Layer 2 Technologies
Layer 2 technologies relate to the OSI Data Link Layer. Today’s modern enterprises, distributed networking world of multimedia, and client applications require greater bandwidth and a greater degree of control. Over the past decade almost all organizations have replaced their shared networking technology (hubs) with switches to create switched technologies.
A collision domain (also called a bandwidth domain) is made up of nodes and devices that share the same bandwidth. For instance, everything that is connected to a switch port, via a hub for example, is in a collision domain. This means that there is always the possibility of a collision in the operations of that Ethernet.
A broadcast domain, on the other hand, represents a collection of devices that can see each other’s Broadcast or Multicast packets. Nodes that are in the same collision domain are also in the same broadcast domain. For instance, all devices associated with the port of a router are in a broadcast domain.
Note: By default, Broadcasts do not traverse a router’s port interface. |
When shared technology is used (e.g., hubs and repeaters), all the devices share the bandwidth of the specific network segment. When using switched technologies (switches), each device in the switch port is in its own collision domain. However, all the devices are in the same broadcast domain.
Switched technologies, as opposed to shared technologies, offer many advantages, among which include the following:
- Provides greater than 10Mbps bandwidth
- Can be used for greater distances because they can connect a matrix of switches
- Provides support for intelligent services
- Provides high availability with only a small increase in costs
Virtual LANs
Virtual LANs (VLANs) define broadcast domains in a Layer 2 network. They represent an administratively defined subnet of switch ports that are in the same broadcast domain. As mentioned before, a broadcast domain is the area in which a Broadcast frame propagates through a network.

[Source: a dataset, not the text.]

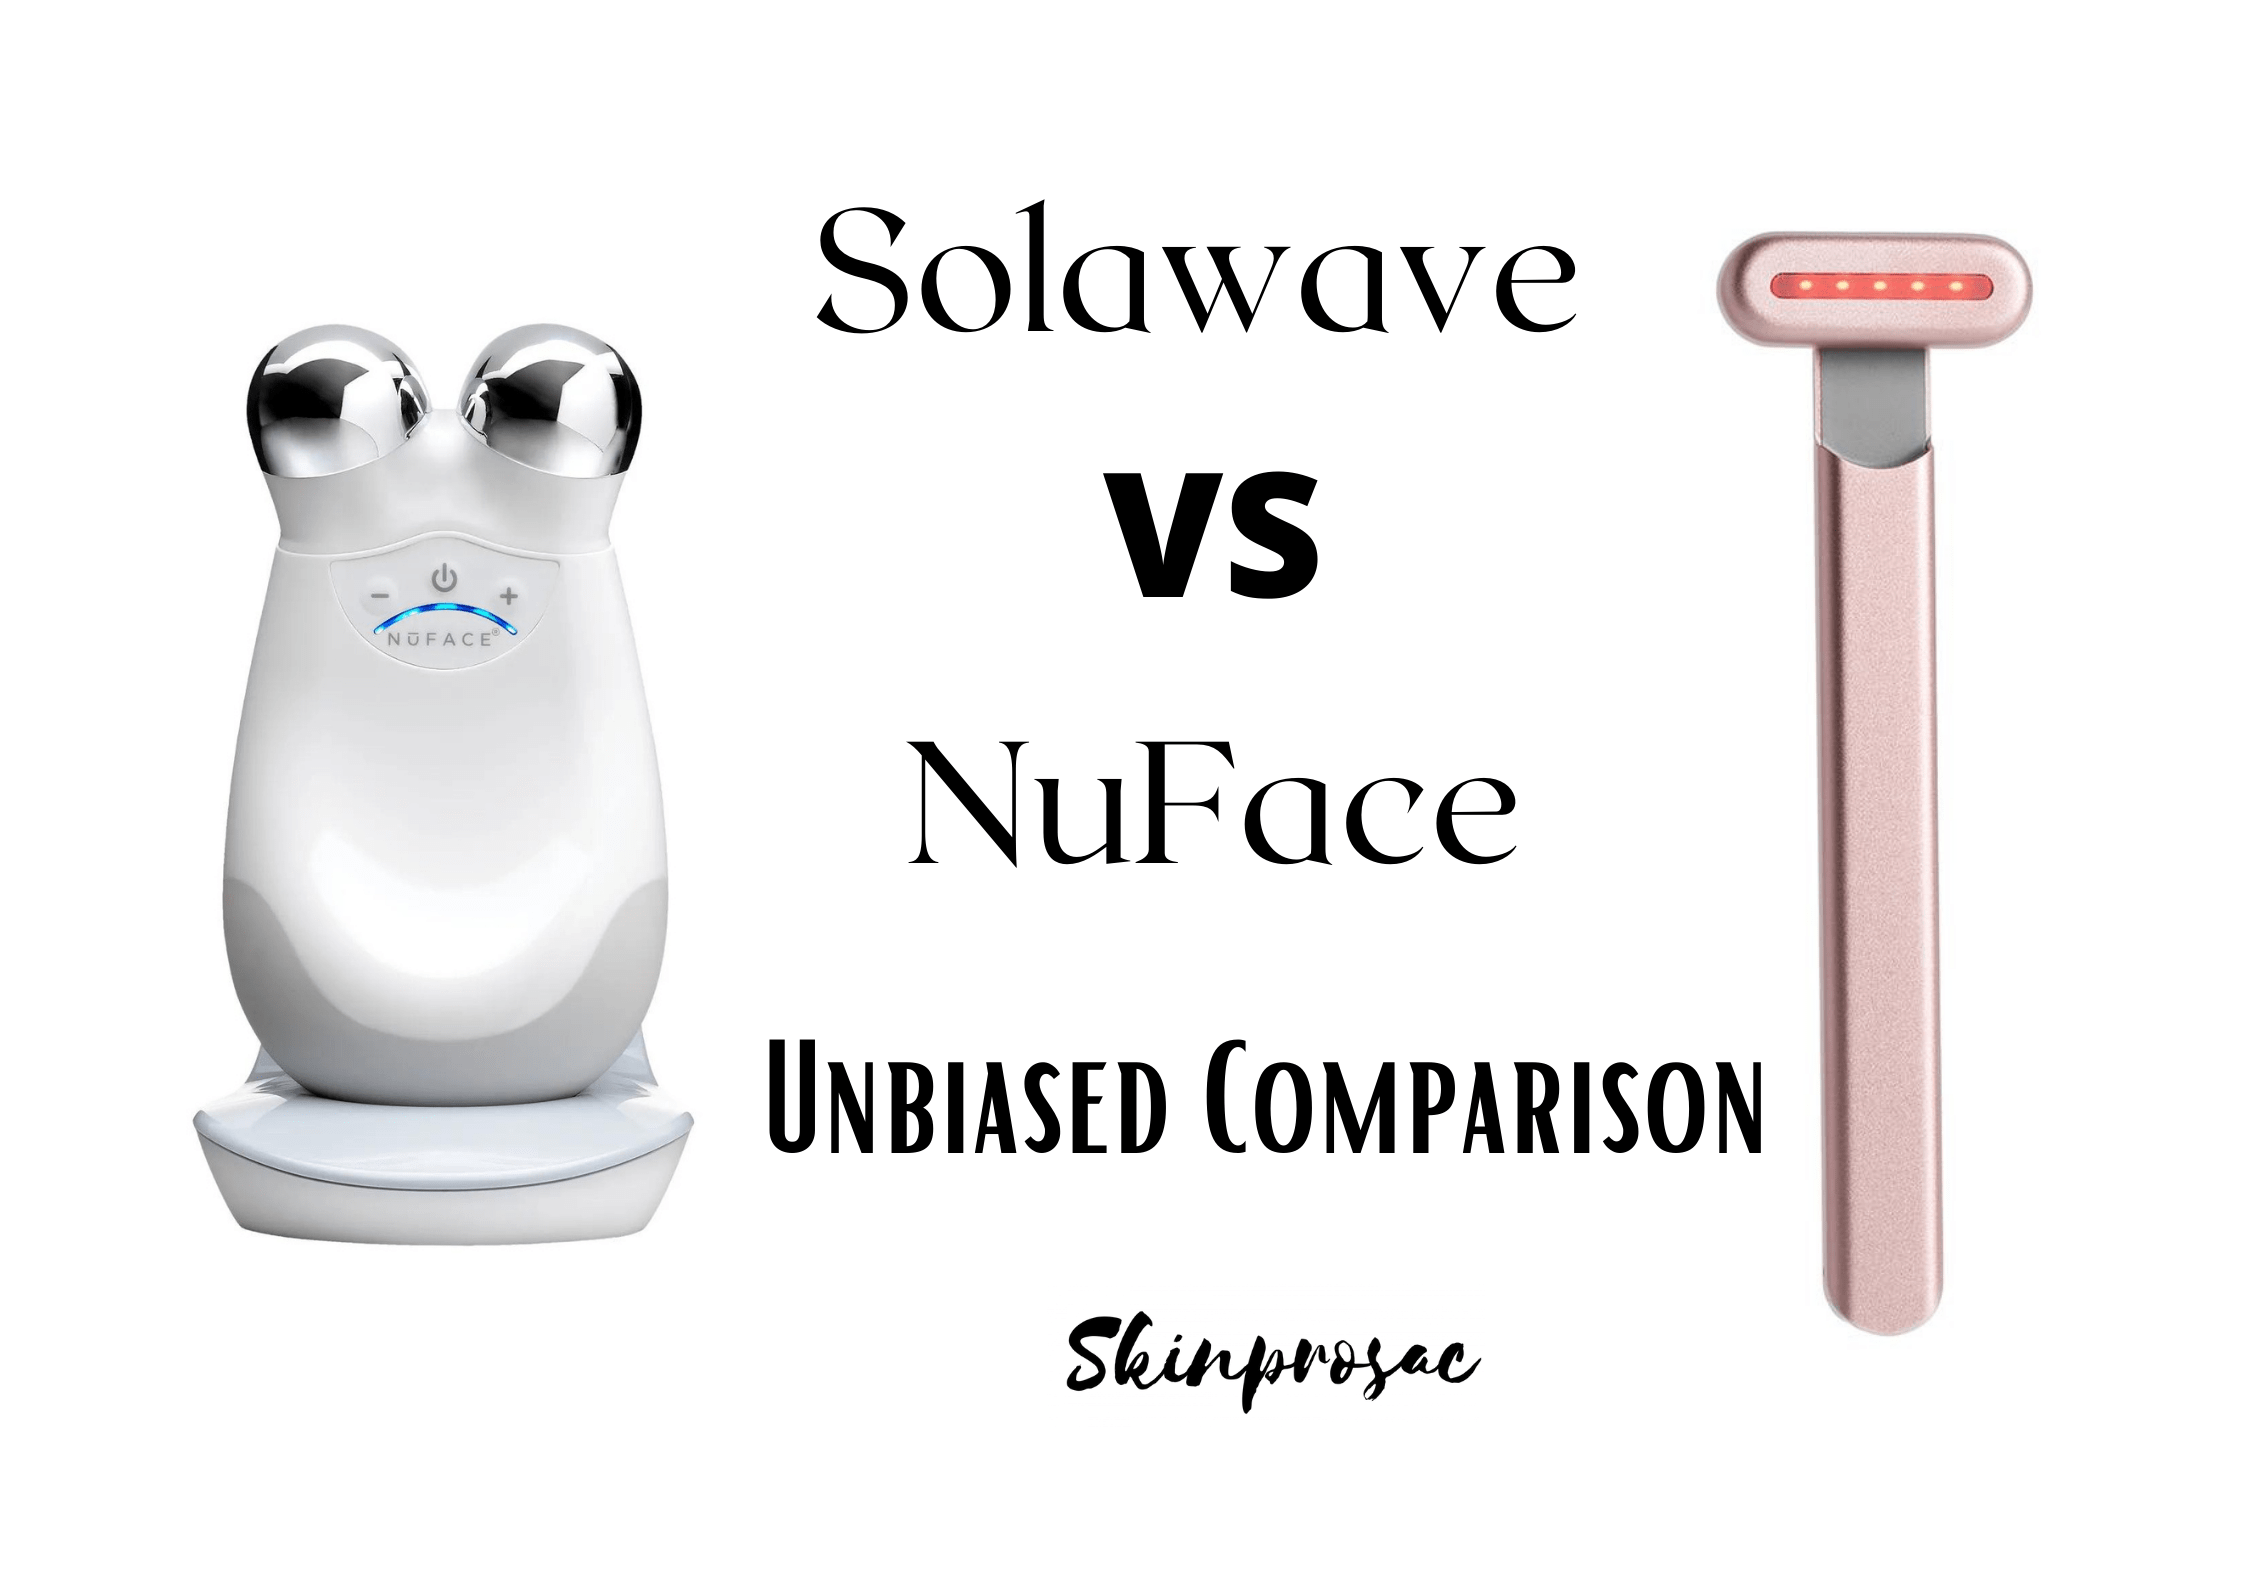 Solawave VS Nuface

The separation of broadcast domains is accomplished with routers, which prevent Broadcasts from being propagated through router interfaces. On the other hand, Layer 2 switches create broadcast domains by special configuration on the switch. By defining broadcast domains on the switch, you can configure switch ports to forward a received Broadcast frame to other specified ports.
Broadcast domains cannot be observed by analyzing the physical topology of the network. A VLAN is a logical concept that can be studied only with access to the configuration on the switches. Another way of thinking about VLANs is to consider them virtual switches, defined in one physical switch. Each new virtual switch defined creates a new broadcast domain (VLAN). Traffic from one VLAN cannot pass directly to another VLAN within a (Layer 2) switch. In order to interconnect VLANs, a router must be used to route packets between them.

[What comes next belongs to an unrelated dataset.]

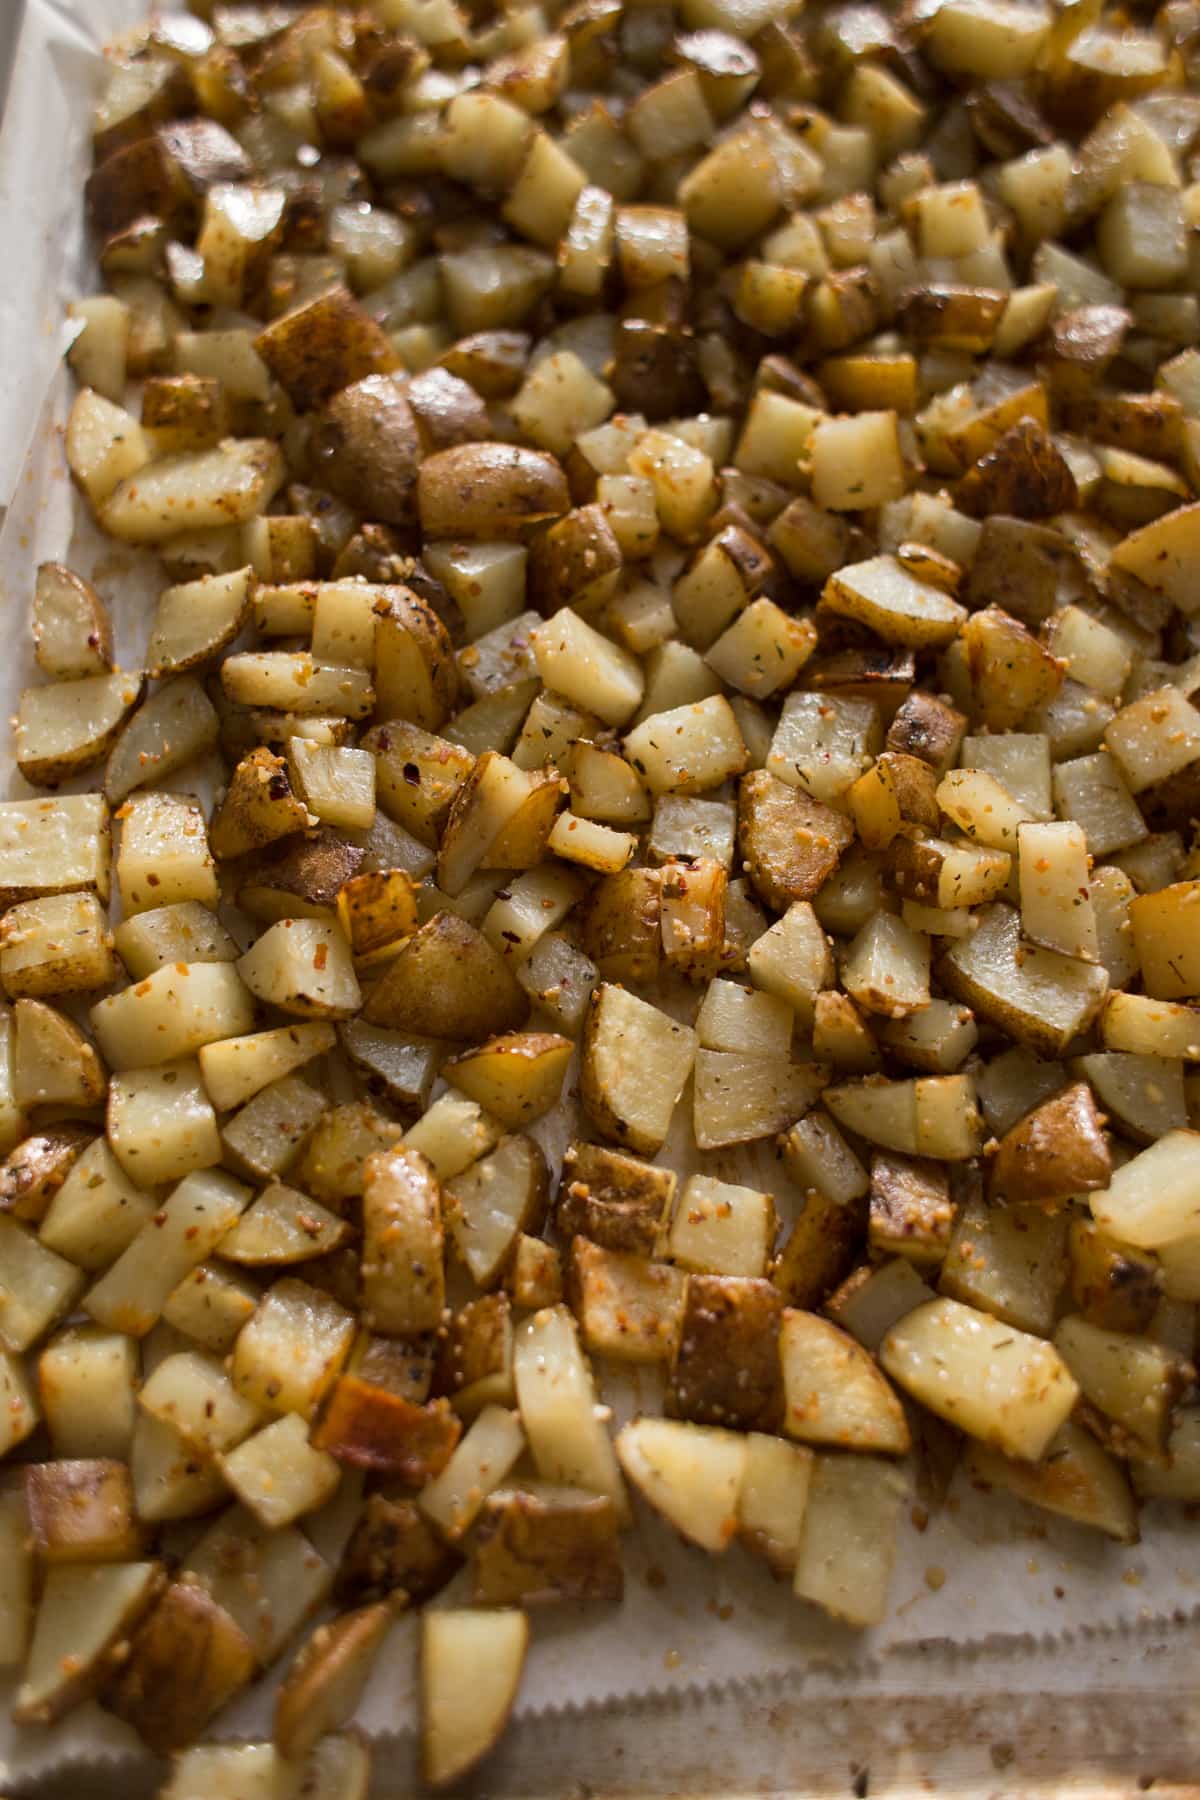 roasted potatoes 2

Ports can be grouped into different VLANs on a single switch or on multiple interconnected switches. Broadcast frames sent by a device in one VLAN will reach the devices in that specific VLAN only.
VLANs represent a group of devices that participate in the same Layer 2 domain and that can communicate without needing to pass through a router. This means that they share the same broadcast domain. Best design practices suggest a one-to-one relationship between VLANs and IP subnets. Devices in a single VLAN are typically also in the same IP subnet.
Figure 4.1 – Virtual LANs
Figure 4.1 above shows two VLANs, each associated with an IP subnet. VLAN 10 contains Router 1, Host A and Router 2, configured on Switch 1 and Switch 3, and has the 10.10.10.0/24 IP subnet allocated. VLAN 20 contains Host B, Host C, and Host D, configured on Switch 2 and Switch 3, and has the 10.10.20.0/24 IP subnet allocated.
Although vendors took individual approaches to creating VLANs, a multivendor VLAN must be carefully handled to deal with interoperability issues. For example, Cisco developed the ISL standard that operates by adding a new 26-byte header, plus a new 4-byte trailer, encapsulating the original frame (see Figure 4.2 below). To solve incompatibility problems, IEEE developed 802.1Q, a vendor-independent method of creating interoperable VLANs.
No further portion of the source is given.